BEGIN DATA PROVIDED

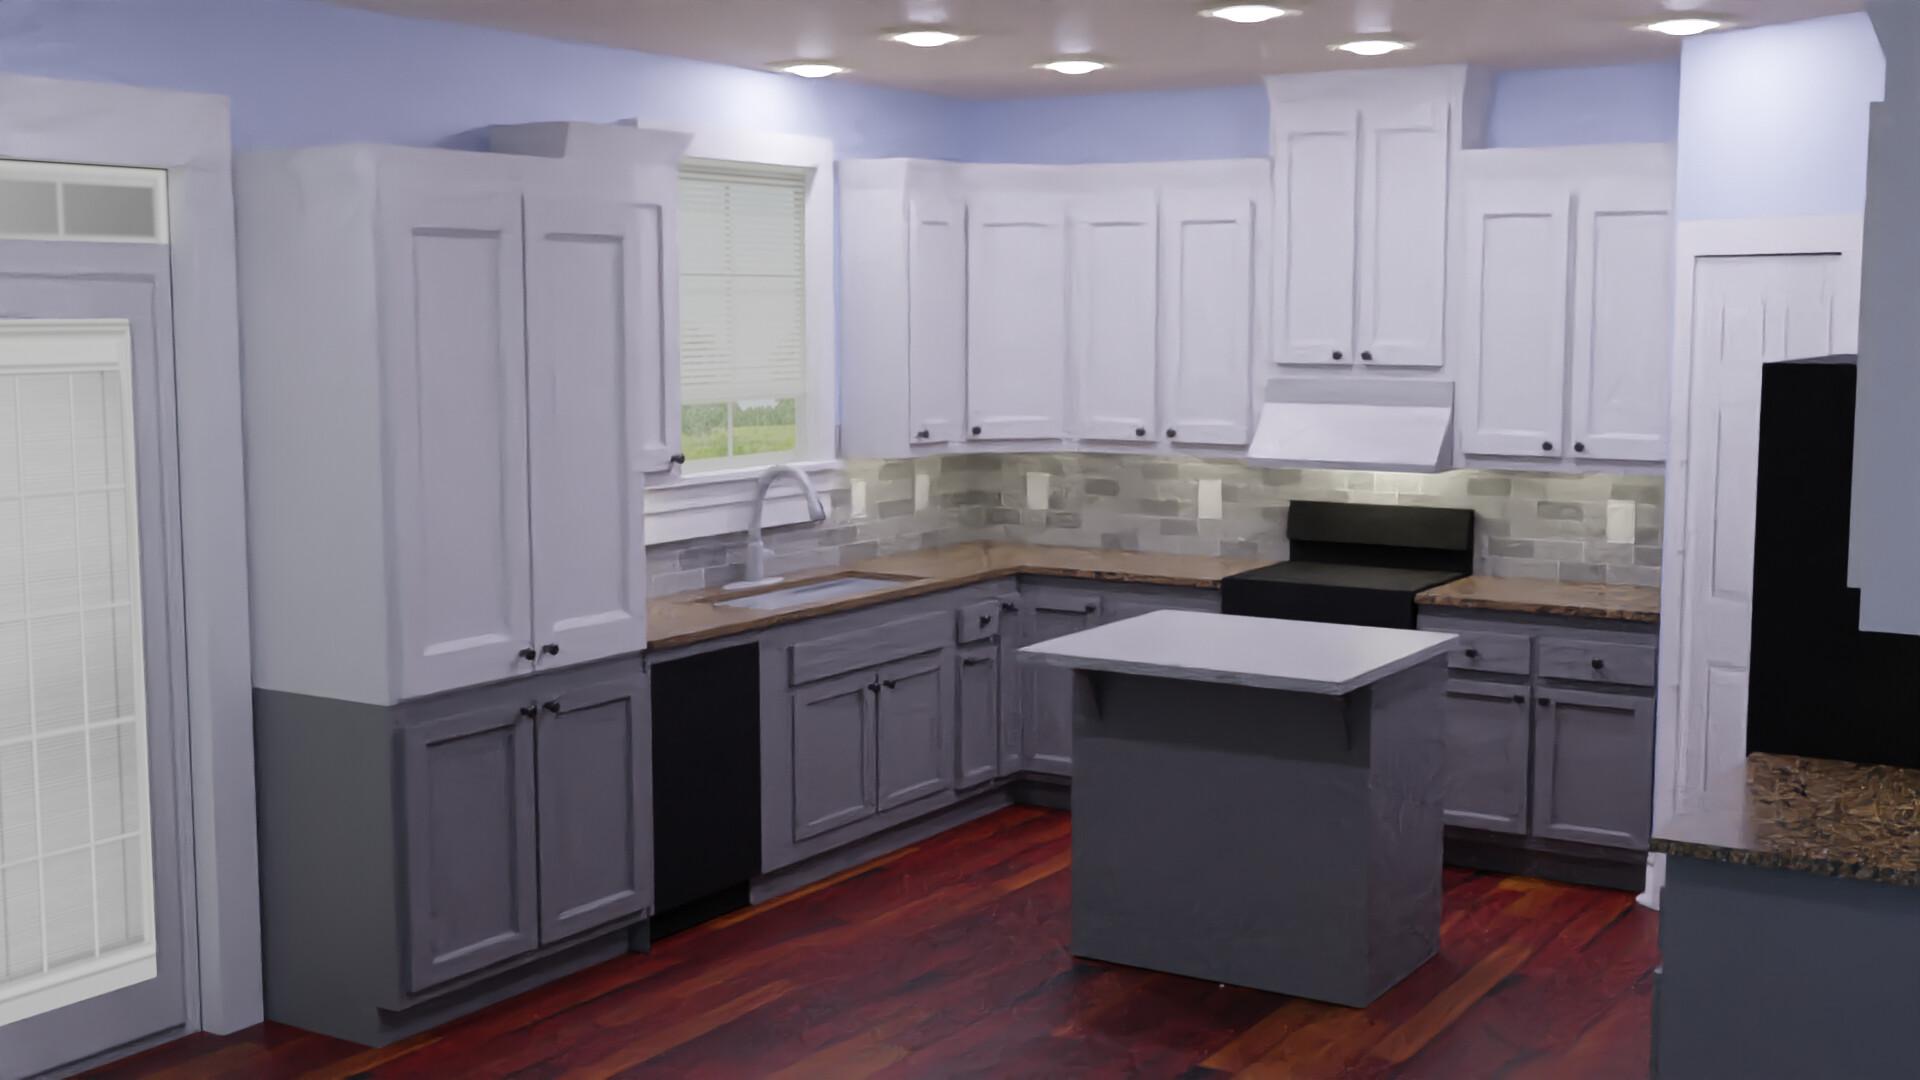 Artstation Kitchen Remodel Visualization Jack Crawford
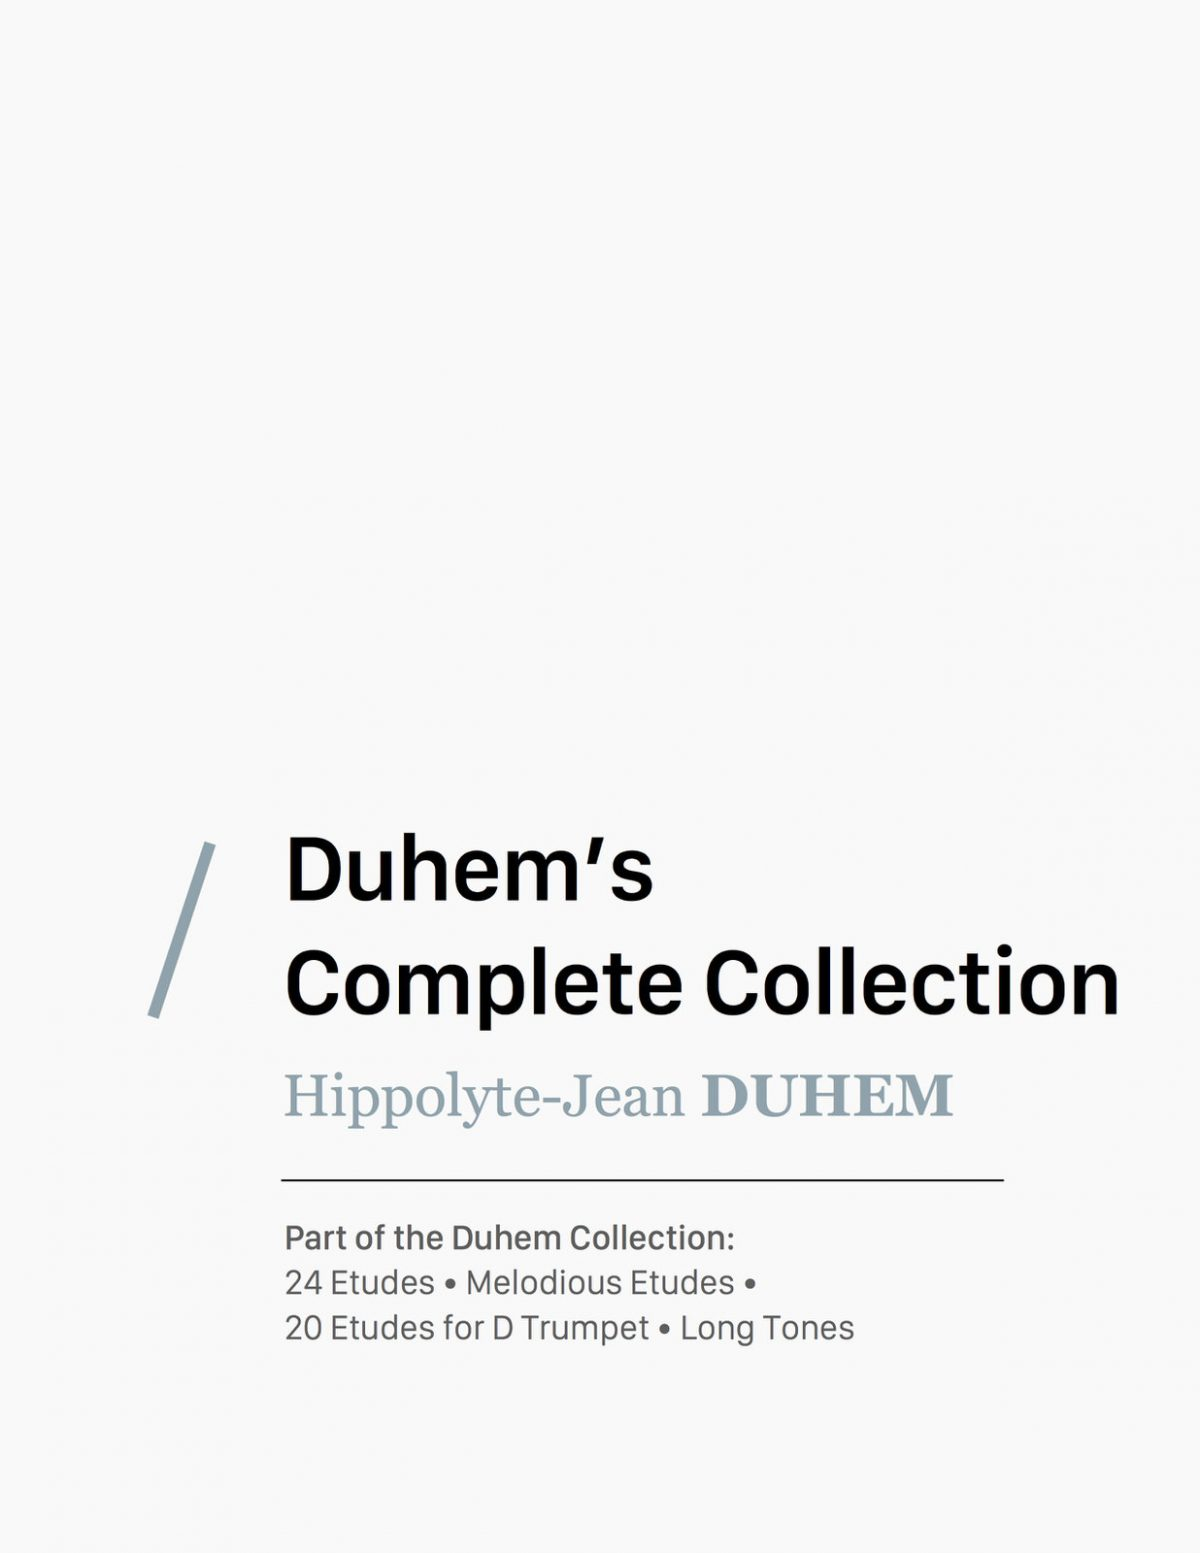 Complete Duhem Collection
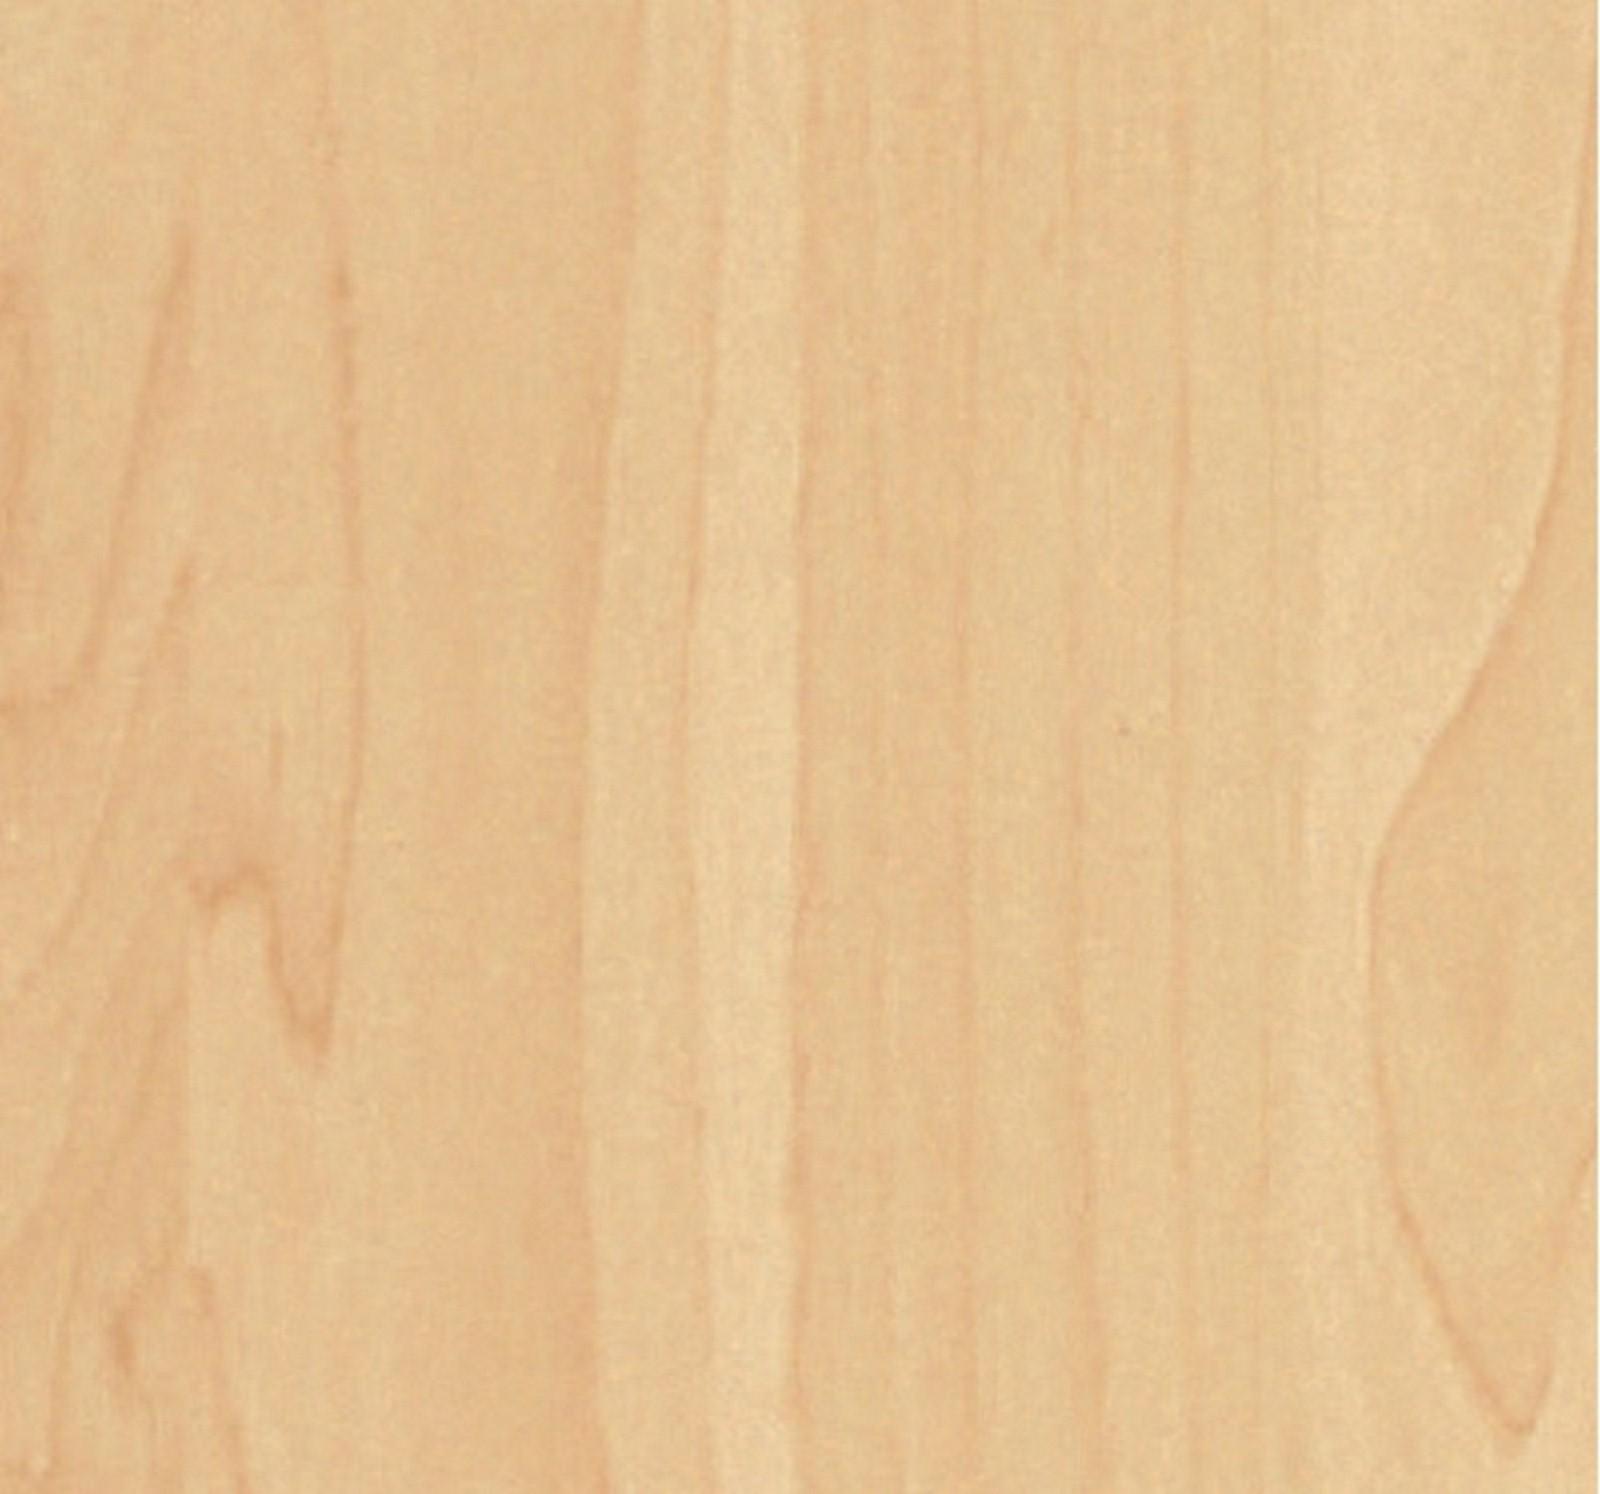 klebefolie holzoptik buche hell m belfolie dekorfolie 45 x 200 cm klebefolie holzoptik. Black Bedroom Furniture Sets. Home Design Ideas

END DATA PROVIDED

Aside from the pictures, repeat the listing exactly.

 Artstation Kitchen Remodel Visualization Jack Crawford
 Complete Duhem Collection
 klebefolie holzoptik buche hell m belfolie dekorfolie 45 x 200 cm klebefolie holzoptik. Black Bedroom Furniture Sets. Home Design Ideas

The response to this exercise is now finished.